Despite telling people I love writing, despite having an imagination that swells with all kinds of plots and characters, I don’t actually make the time to BE passionate about my passion. Without even realising it, I hinder myself with excuses, by wasting my time doing other, less meaningful things, and then complaining I haven’t had time to do what I enjoy; I’ll have a mid-month crisis that I’m not investing time in my writing or my photography.

Then, on the other hand, sometimes I’ll be forced to focus on my passion, attending a writing class or being hired to shoot a wedding, and these will spur me on. Yesterday I had one such incident and I had an epiphany.

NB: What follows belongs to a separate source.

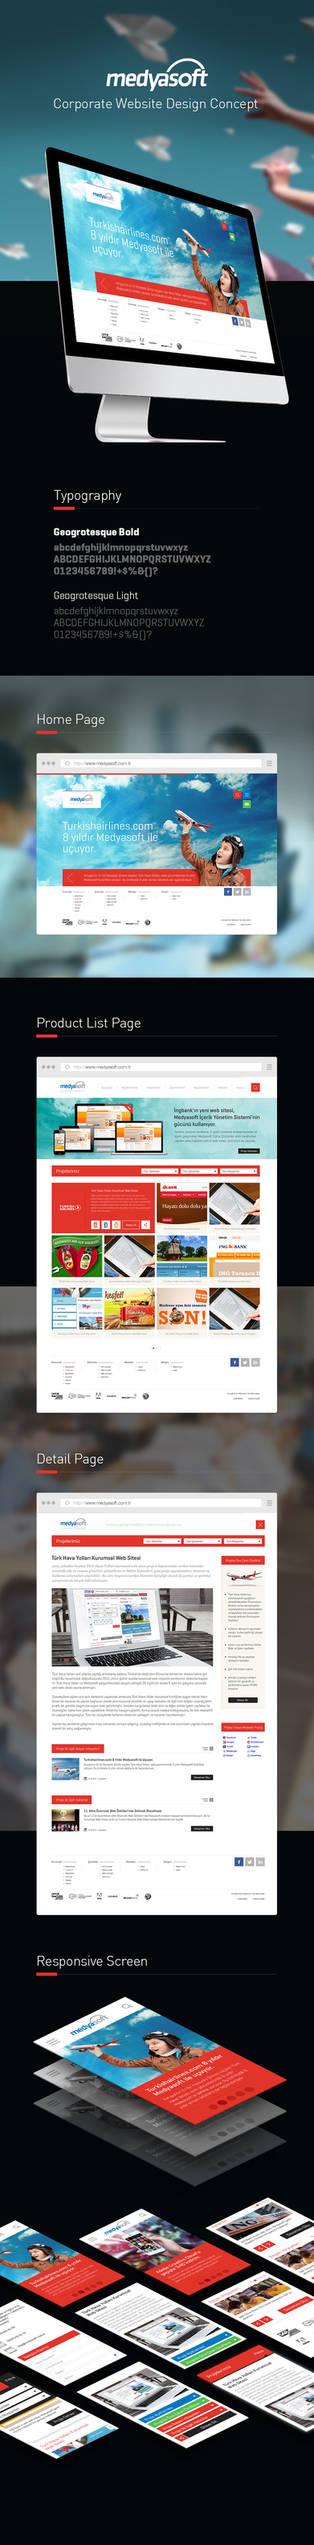 Medyasoft Web Design - Casestudy
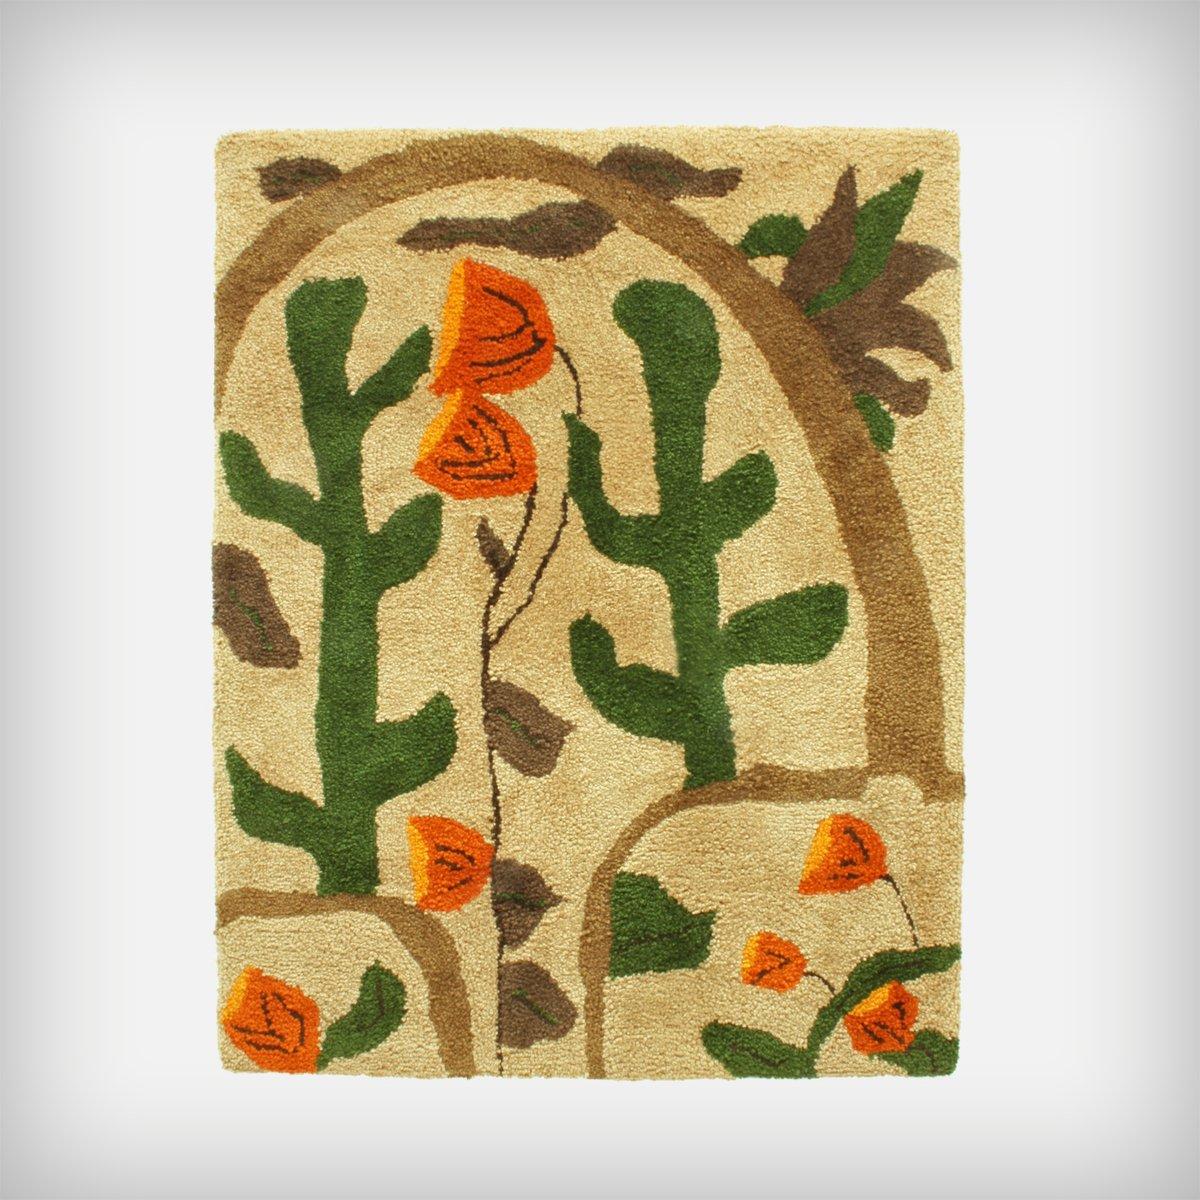 gro er bunter wandteppich mit kaktus blumenlandschaft. Black Bedroom Furniture Sets. Home Design Ideas

Yesterday, I was contacted by a Bride-to-be who wanted to hire us for her wedding. A friend had recommended us, she’d seen our portfolio, and now she wanted to book us. BOOM; That was it. Suddenly a euphoria began to surface, an excitement swelled within me; I was inspired. Was it simply the recognition? It certainly felt incredible to have a complete stranger decide our work was good enough to capture her special day… But there was more to it. I was actually investing time into one of my big passions and that felt so good. This was my future coming together and it felt so right.

This is where the Passion Approach comes in. When I’m forced into spending my time on my passion I’m hit with a wave of positivity; a positivity I don’t even realise I’m missing until then. I’m always so much happier when I’ve spent time on my hobbies and my creative side and I need to remember to make time for them, rather than letting them slip.

This post might sound a bit… Strange. If I’m passionate about something, why do I need to be forced to do things? Why don’t I do things for the sake of doing them? But some hobbies and interests take a big investment of time and effort, and with the constant hubbub of every day life we can sometimes overlook them for easier options. I can often find time to fit in a video game, or a quick YouTube program, but I need to find time to fit in my creative hobbies too. I need to remember that these things are my passions for a reason; that I need to make time for them and to be… Well, passionate.